In an exclusive tet-à-tetè with Son Kuswadi, Education Attache, Indonesian Embassy, talks about education state of affairs in Indonesia and how Indian government has been lending a helping hand to improve the situation with Pragya Gupta, digitalLEARNING Bureau
Kindly throw some light on education scenario in Indonesia?
We have already achieved 90 per cent of the net enrolment ratio in elementary school but if you talk about higher education our gross enrolment ratio is still 23 per cent in comparison to 17 per cent of India.
The basic requirement to improvise education in all sectors is the implementation of ICT. In January, the Indonesian education ministry and the HRD ministry of India have signed a MoU to bring forth the educational system of both the countries in collaboration. As India is way ahead in engineering studies so this collaboration took place as we, being a neighbour, have just 509 students here in India.
How the country is trying to overcome geographical barriers?
Indonesia being an island, lacks all such benefits, internet facilities at all places, for the wide-spread islets whereas in India we are sure to get the required elements to spread our wings. The western part of our country is already upgraded but the eastern part lacks certain geographical disadvantages, including installation of fibre optic cables. Through Universal Service Obligation (USO) we develop many infrastructures, including telephone and internet, and we have planned to develop the entire system by the end of this year but challenges such as electricity, is a big concern as many villages and remote areas are yet to be facilitated with it. So the basic concern is how to develop ICT even without electricity. Solar energy is something we are focusing on but it’s very expensive.
What are you working to progress higher education in Indonesia?
We have only 15 per cent of our lecturers in higher education who hold a PhD degree. Till 2003, we have considered a bachelor degree to be enough for all our lecturers to teach but after that we have made it mandatory that at least a master degree is must in teaching profession. Although we have certain programmes in our country, but still we are sending over 3,000 teachers for a higher education degree of PhD each across the world.
Mostly 50 per cent of our budget to elementary and junior high schools to make education free for all in these levels but the problem is with the expenses associated to schooling. Transportation, uniforms and food take a heavy amount but we have decided to give free meals in schools and also transportation at some places.
In the global competitiveness report 2009-10, Indonesia’s Global Competitiveness Index (GCI) rise from rank 54 for 133 countries in 2009, to rank 44 for 139 countries in 2010.
How Indonesia has been addressing the employability issues and how Indian government has been helping your students?
Employability being a major concern, the Indonesian President has decided to look into the human resource part of a student after school and also 13 more such programmes are in the pipeline to benefit students of the country.
Our main focus these days is what the industry needs as many graduates of various fields go jobless for the inadequate demand in the market for those types of profiles. Thus we have partnered many industries to train students according to their relevant needs.
Our main focus for sending students to India is because of the quality of education that India caters and also besides education this can develop some long standing relationships with each other as both need something or the other from each other. But the problem is that no such airways directly come to India; a six-hour wastage takes place on the way. Recently when our president visited India, Dr Manmohan Singh confirmed that “visa on arrival” for people from Indonesia.

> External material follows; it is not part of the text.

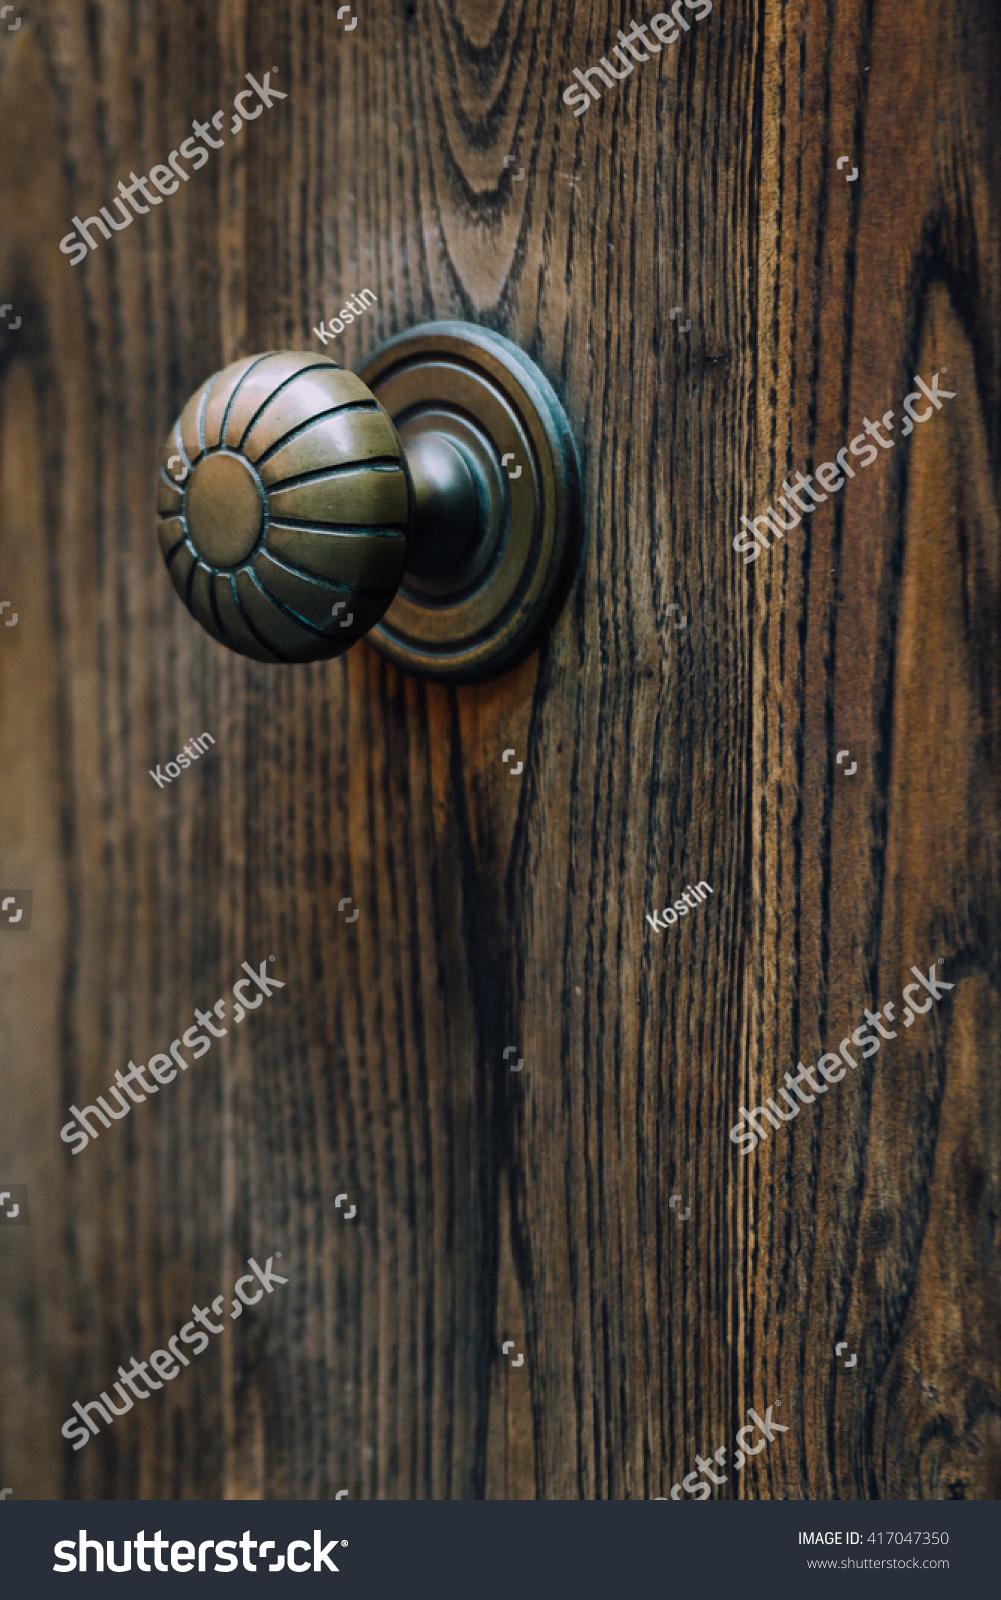 Vintage Door Knob On Old Wooden Stock Photo 417047350 - Shutterstock

How do you see the role of ICT in universalising education?
In China we see gadgets are sold off at very cheap prices as the number of experts making these items is high. We want to develop such numbers so that the basic infrastructure of education and employability through Corporate Social Responsibility (CSR) goes high.
The present ICT market in our country has the potent to do big but the number is something that bothers us. That’s why we conduct workshops frequently for students and also workers by experts across the world.

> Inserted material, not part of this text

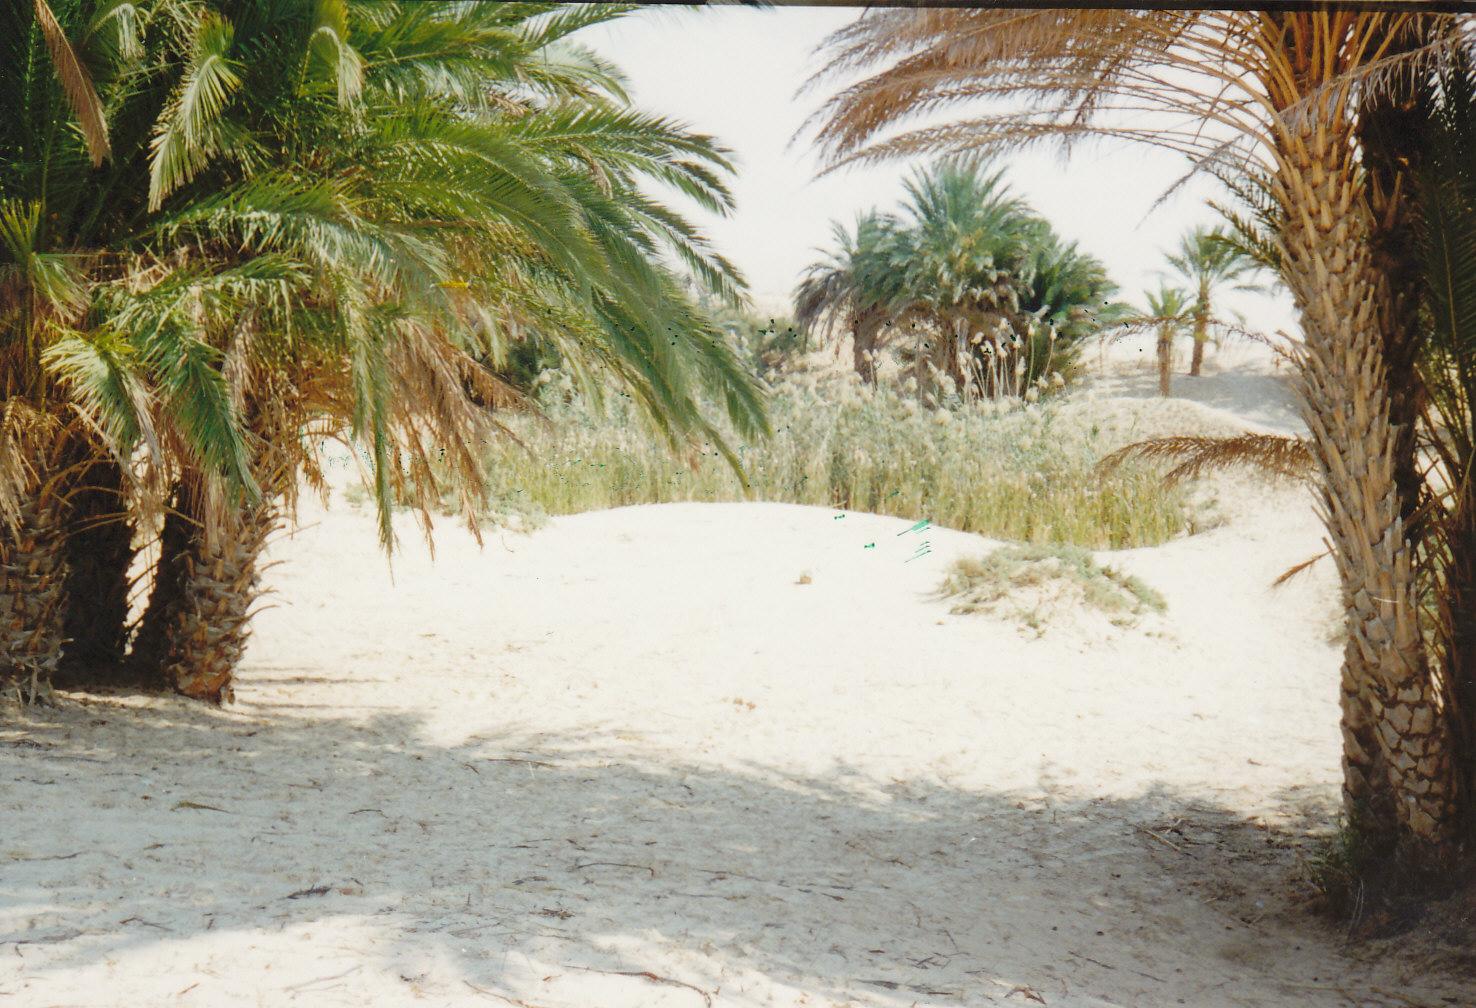 Pješčana, pustinjska Oaza

ICT has transformed us to interact socisialise and ICT change the way of students/teachers to access the information. Education cannot escape from ICT changes, but education takes the active role to leverage the ICT for educational improvement. Reform of education is the key for adapting the changes, and ICT is the vein that facilitate these.
How do you see open and distance learning mode of learning?
We are very skeptical about the open and distance learning as although we are doing it in a very conventional way but as there is no direct involvement of teacher or student it becomes very difficult to maintain the quality. Recently I went to South Korea where the online education system is way ahead of us and we look forward to develop such technology and methodology to enhance our students in engineering, tourism and other fields.